Top of Source material
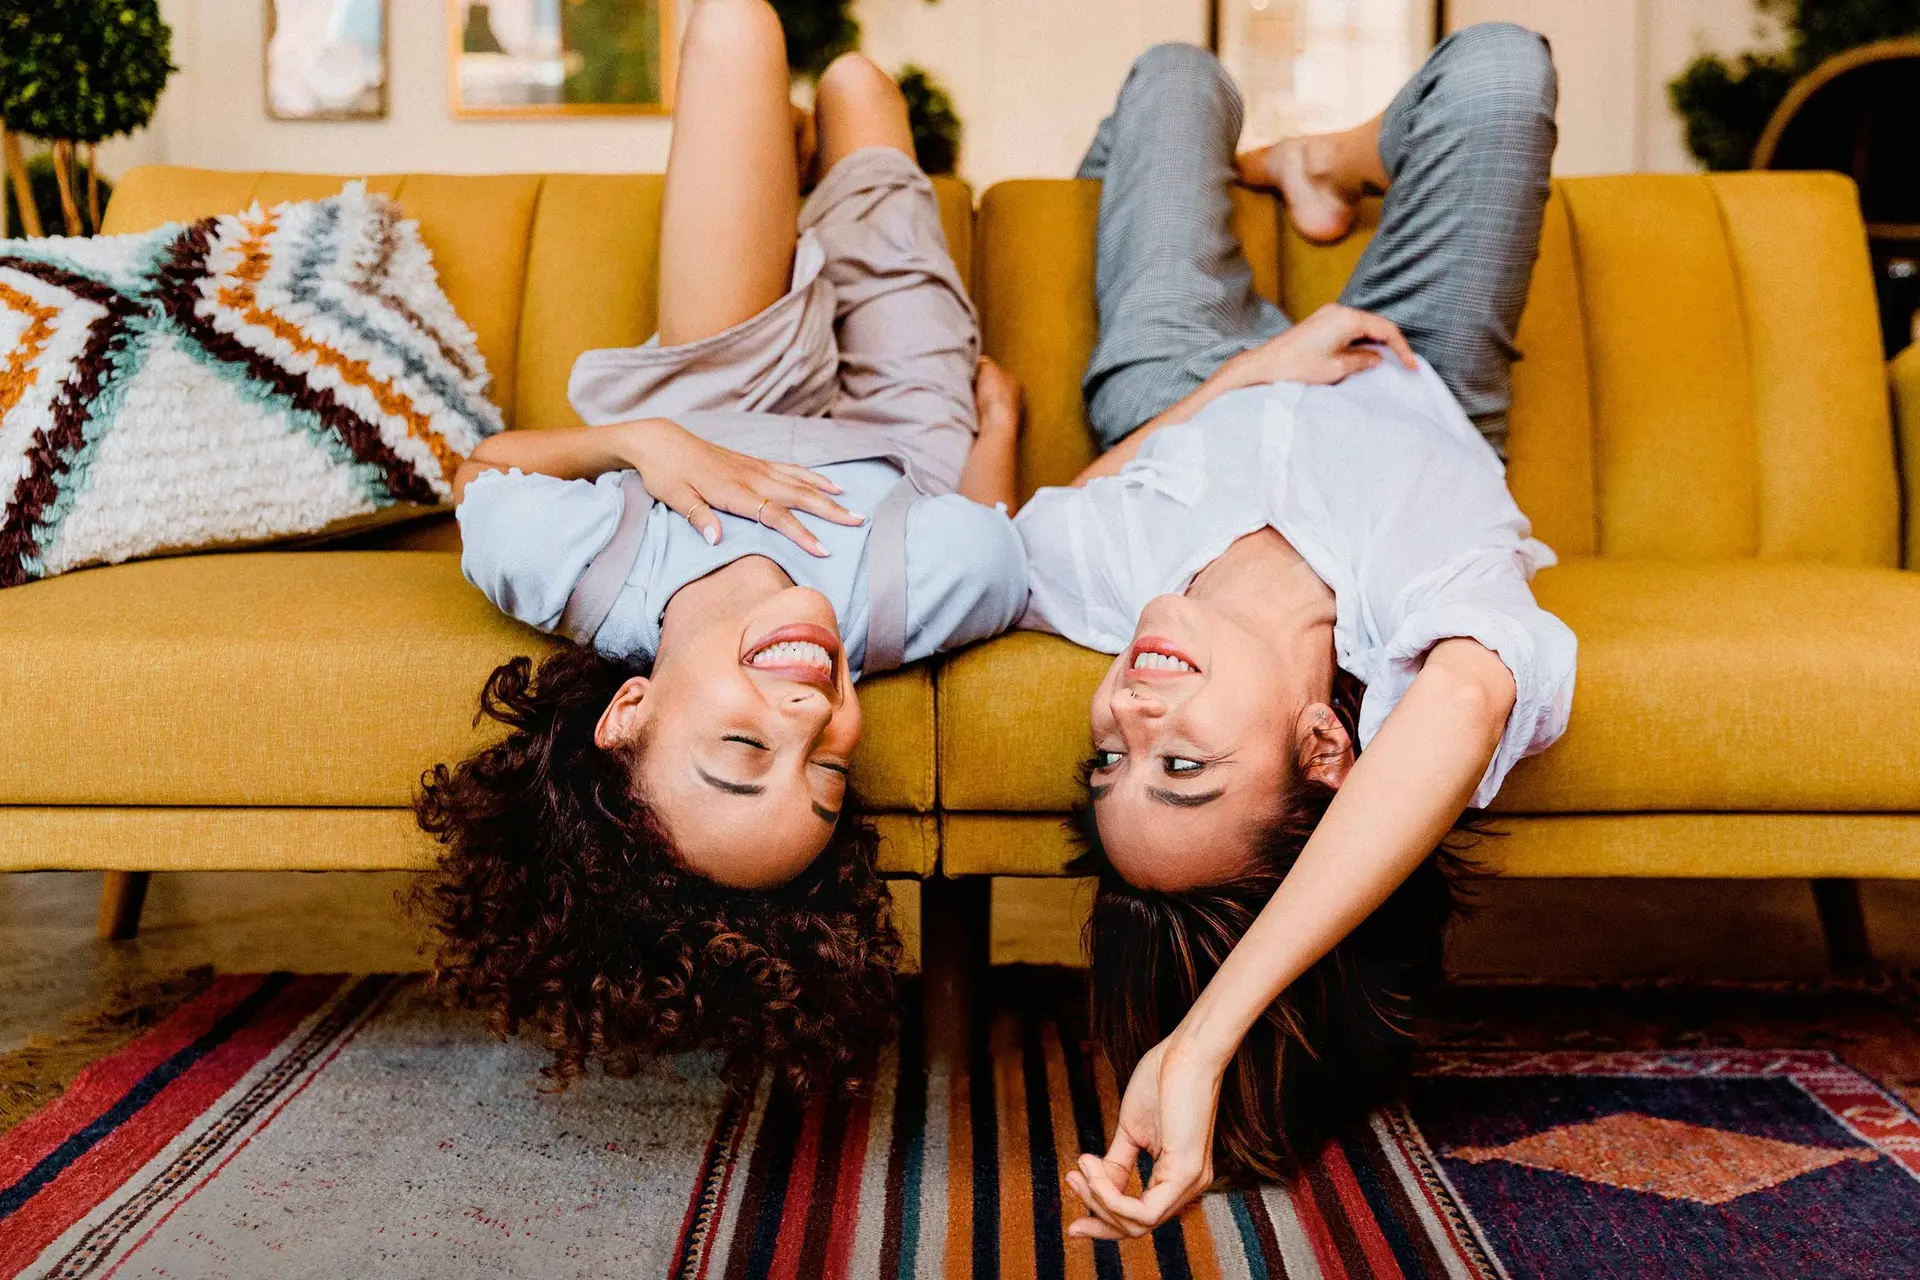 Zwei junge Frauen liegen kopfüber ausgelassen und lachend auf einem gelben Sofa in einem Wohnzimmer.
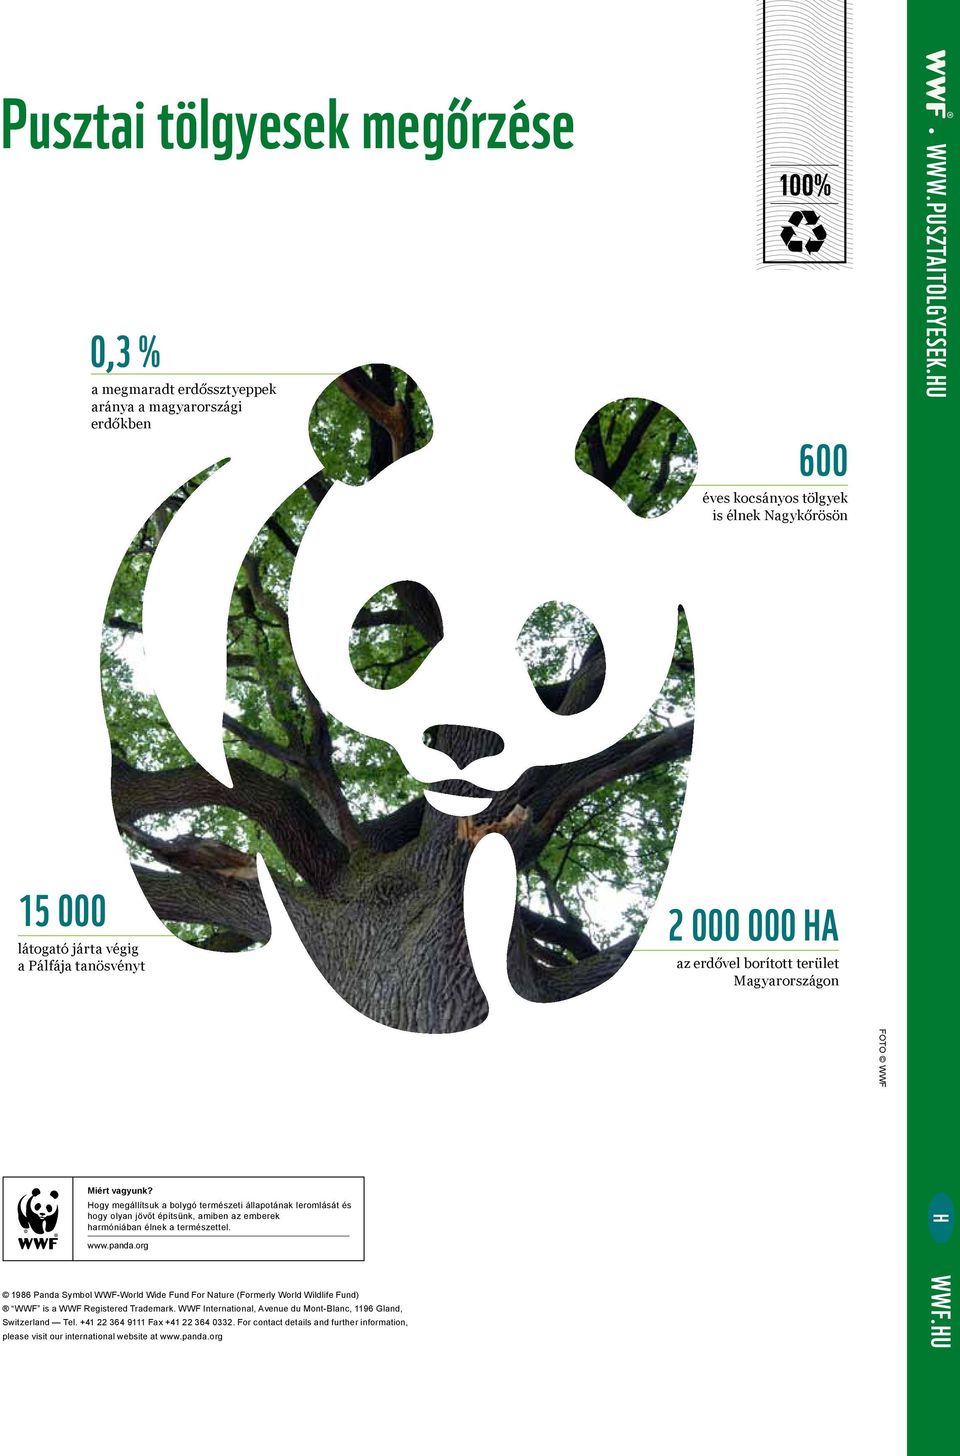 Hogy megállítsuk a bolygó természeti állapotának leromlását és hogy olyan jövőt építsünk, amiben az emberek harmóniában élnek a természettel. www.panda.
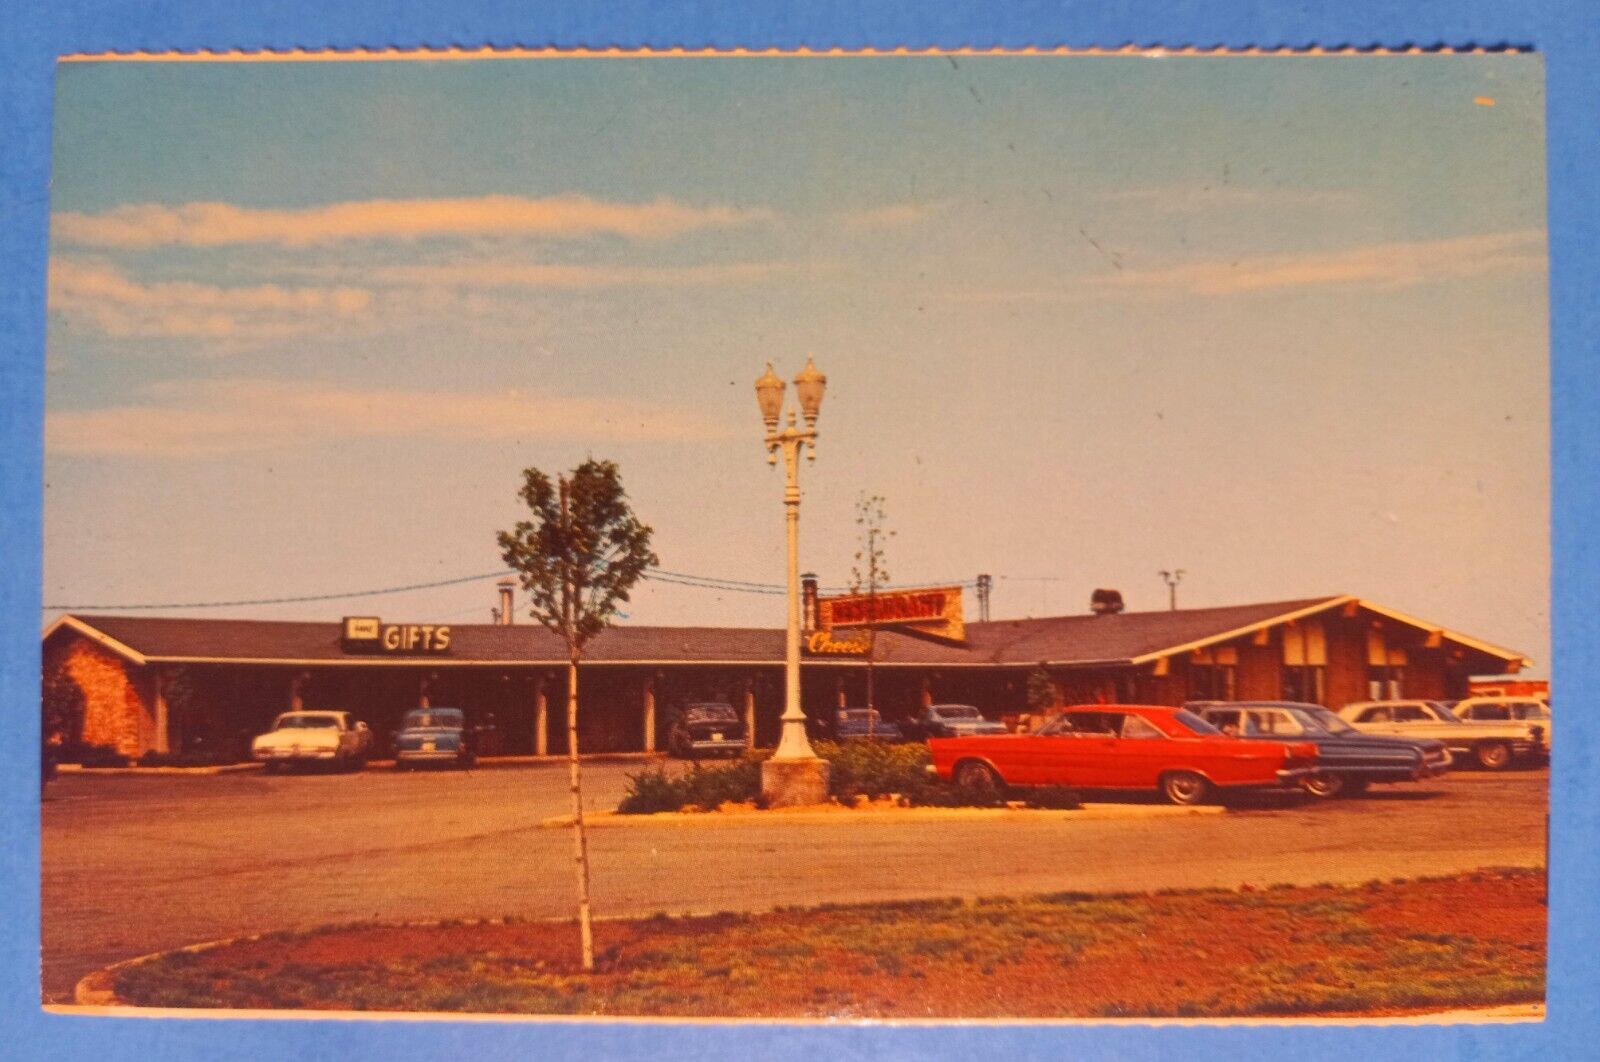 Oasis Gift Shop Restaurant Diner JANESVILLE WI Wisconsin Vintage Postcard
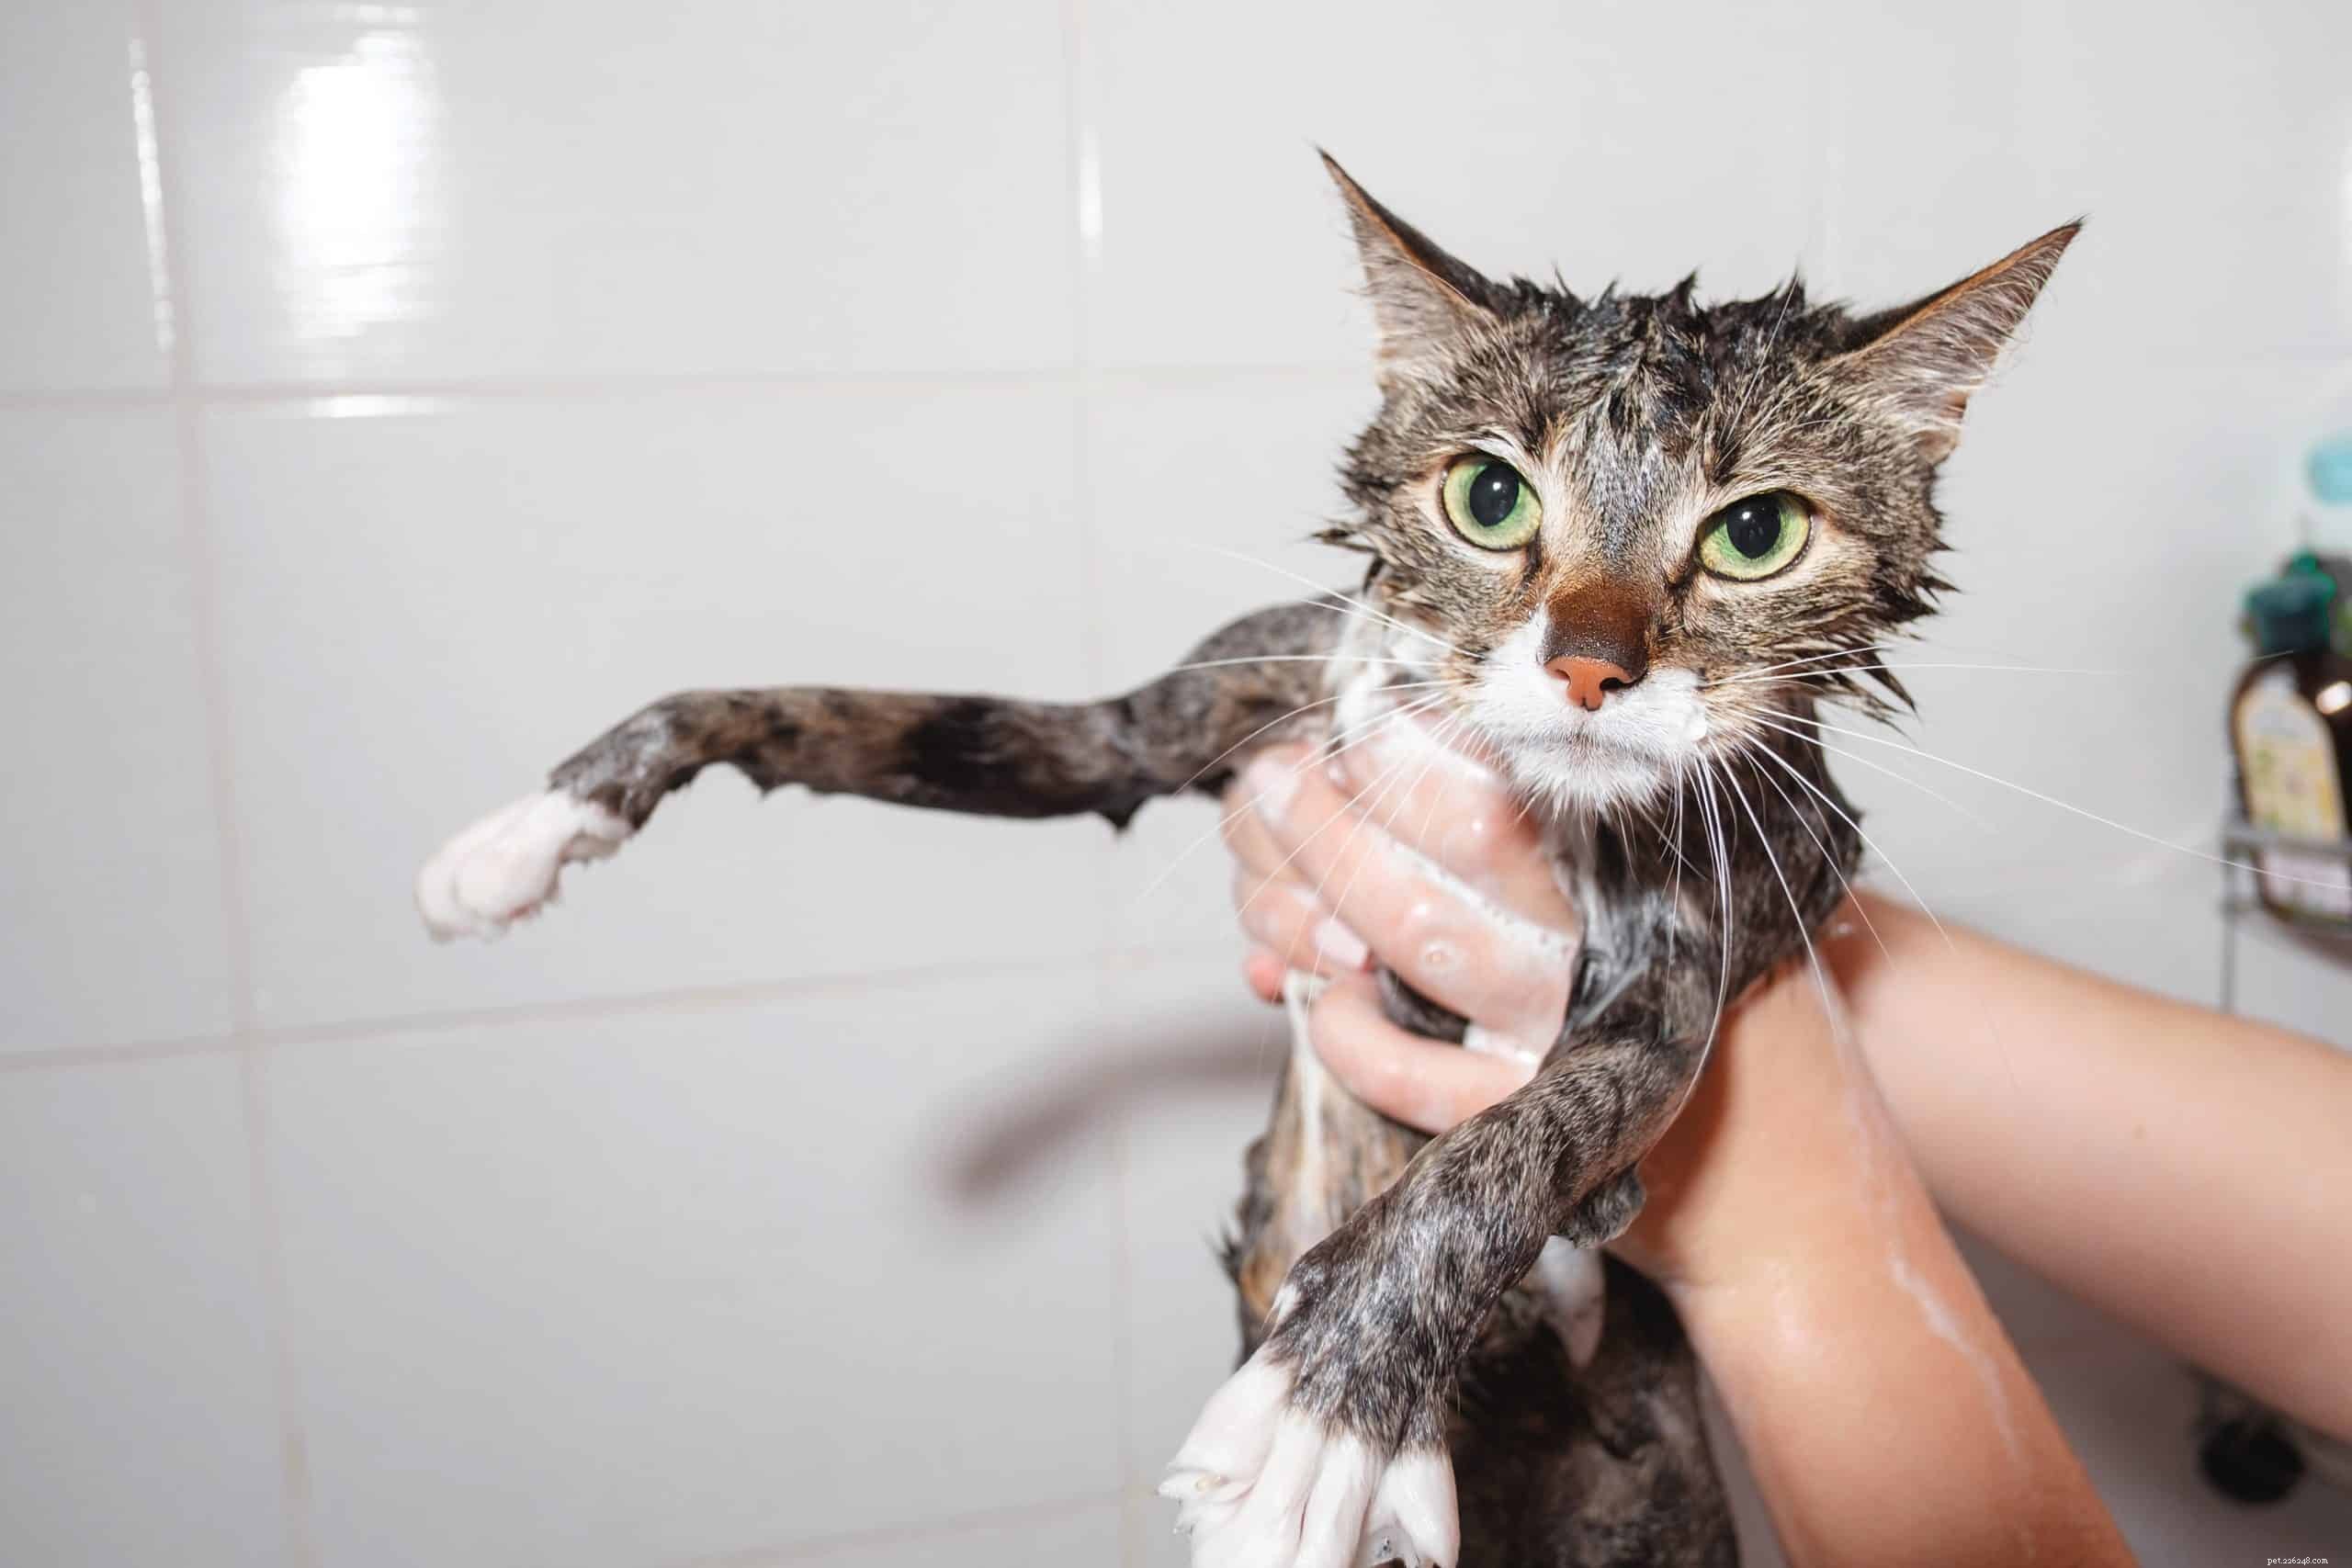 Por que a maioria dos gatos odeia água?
Bottom of Source material
Repeat the material above in full and exactly, omitting the pictures.

Exercise result>
 Zwei junge Frauen liegen kopfüber ausgelassen und lachend auf einem gelben Sofa in einem Wohnzimmer.
 Hogy megállítsuk a bolygó természeti állapotának leromlását és hogy olyan jövőt építsünk, amiben az emberek harmóniában élnek a természettel. www.panda.
 Oasis Gift Shop Restaurant Diner JANESVILLE WI Wisconsin Vintage Postcard
 Por que a maioria dos gatos odeia água?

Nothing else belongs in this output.